Frage an den SZ-Jobcoach:Gilt Kündigungsschutz auch bei künstlicher Befruchtung?

Katja M. denkt über eine künstliche Befruchtung nach. Aber von wann an gilt für sie dann der Kündigungsschutz? In ihrem Unternehmen stehen nämlich Stellenkürzungen bevor.

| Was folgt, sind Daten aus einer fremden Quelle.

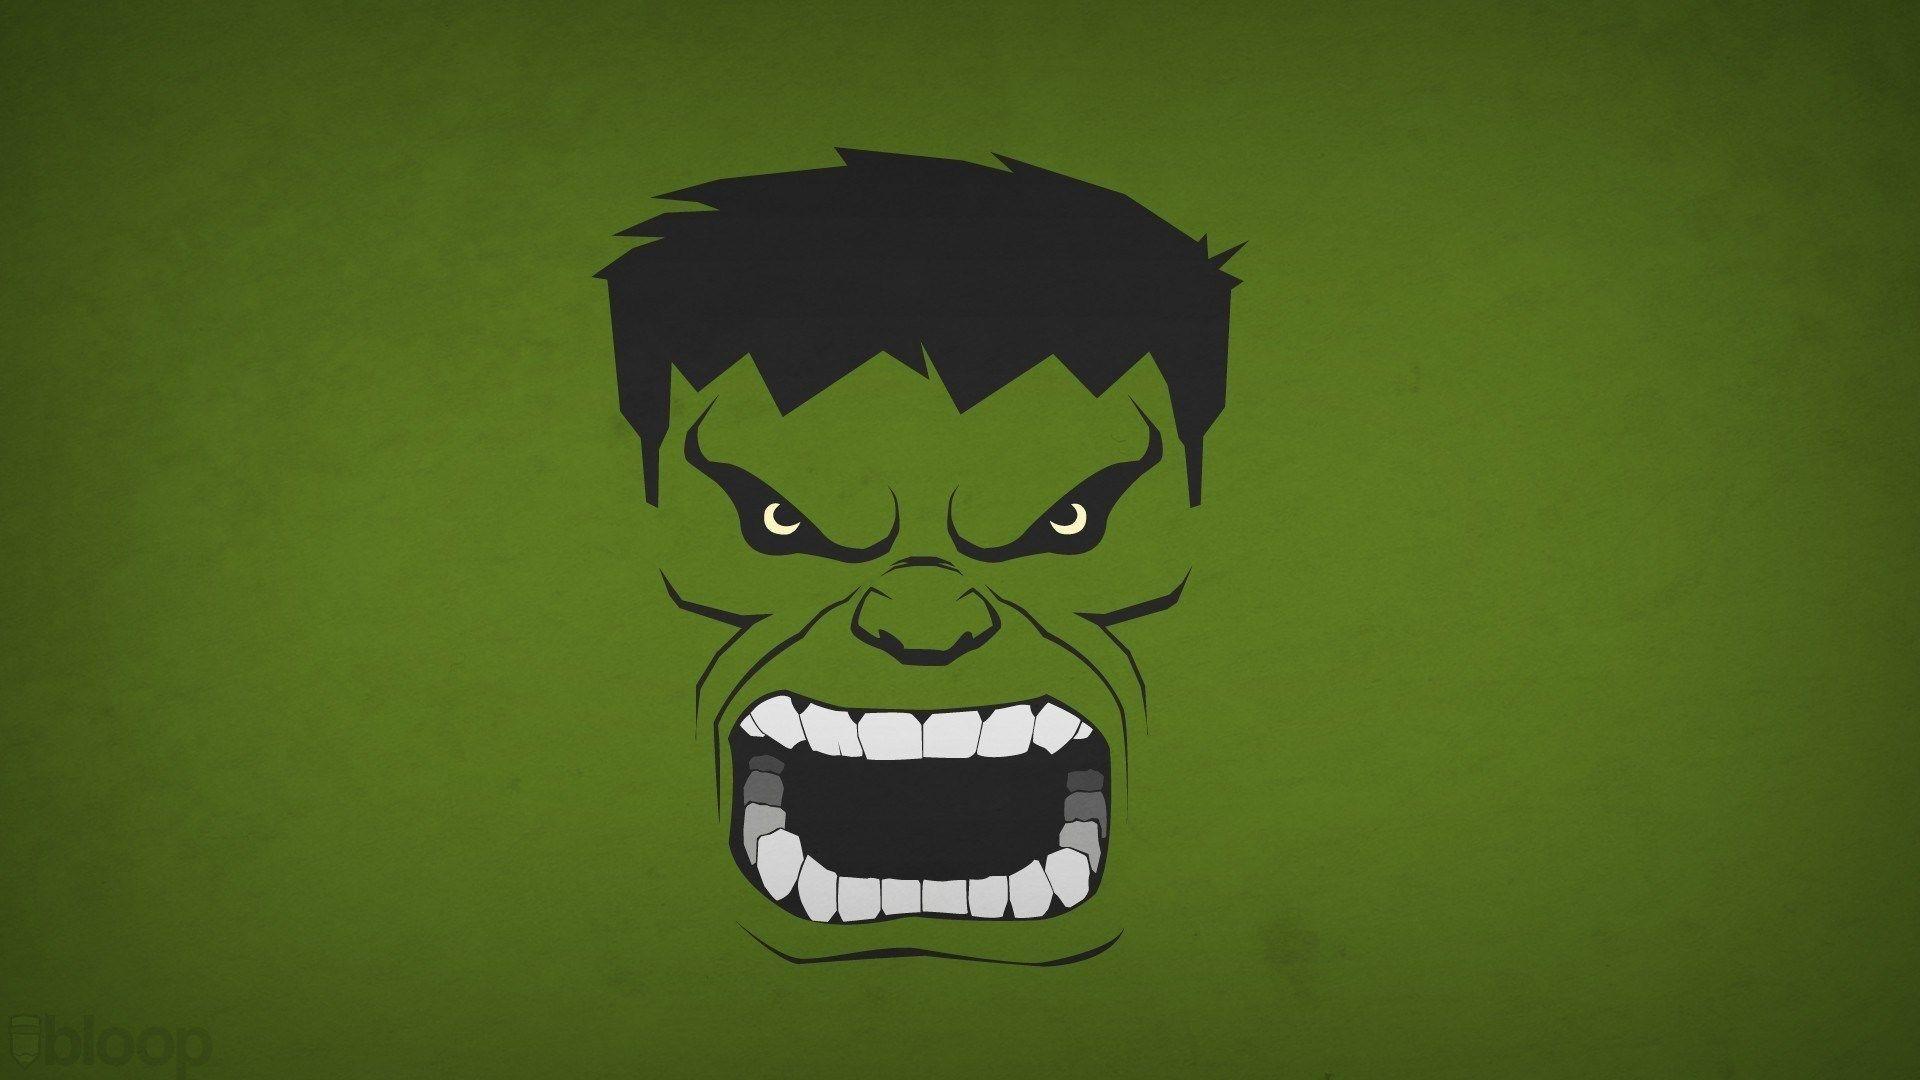 Hulk Cartoon 4k Wallpapers Top Free Hulk Cartoon 4k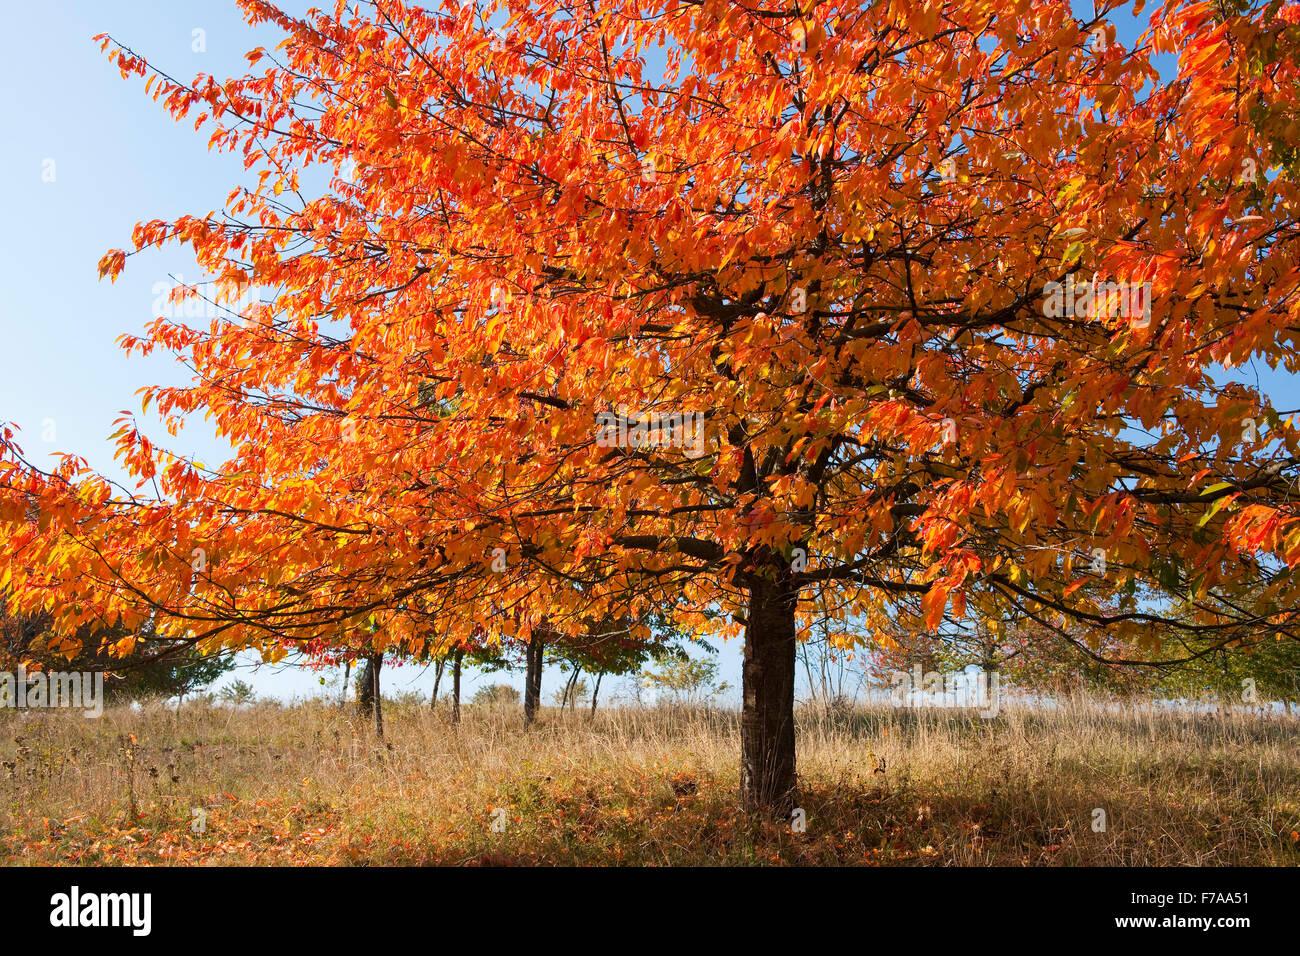 Bird cherry (Prunus avium), orchard in autumn, Thuringia, Germany - Stock Image

SZ-Leserin Katja M. fragt:

In unserem Unternehmen stehen Stellenkürzungen an. Ich fürchte, dass die neuerliche Kündigungswelle auch mich treffen könnte. Privat befinde ich mich momentan in einer schwierigen Situation. Mein Mann und ich versuchen seit langer Zeit, ein Kind zu bekommen. Nun möchten wir einen neuen Versuch mit einer In-vitro-Fertilisation wagen. In der Firma habe ich bislang mit niemandem darüber gesprochen. Eine Kündigung käme mir aber gerade in dieser Phase sehr ungelegen und würde mich sicher psychisch belasten. Kann ich mich in irgendeiner Weise vor einer Entlassung schützen? Und ab welchem Zeitpunkt greift der Kündigungsschutz für Schwangere bei einer künstlichen Befruchtung?

Ina Reinsch antwortet:

Liebe Frau M., im Vorfeld Ihrer geplanten Schwangerschaft besteht leider kein Schutz vor dem Verlust ihres Arbeitsplatzes, auch wenn die Situation, in der Sie sich befinden, für Sie aus nachvollziehbaren Gründen sehr belastend ist. Sie werden vom Arbeitsrecht hier nicht anders behandelt als andere Frauen mit einem Kinderwunsch auch. Besonderen Kündigungsschutz genießen in Deutschland nur Arbeitnehmergruppen, die der Gesetzgeber für besonders schutzbedürftig hält. Dazu zählen unter anderem Schwangere, Mütter nach der Entbindung und Personen, die Elternzeit in Anspruch nehmen, nicht aber Frauen mit Kinderwunsch.

Der SZ-Jobcoach

Ina Reinsch lebt als Rechtsanwältin, Autorin und Referentin in München und befasst sich schwerpunktmäßig mit dem Thema Arbeitsrecht.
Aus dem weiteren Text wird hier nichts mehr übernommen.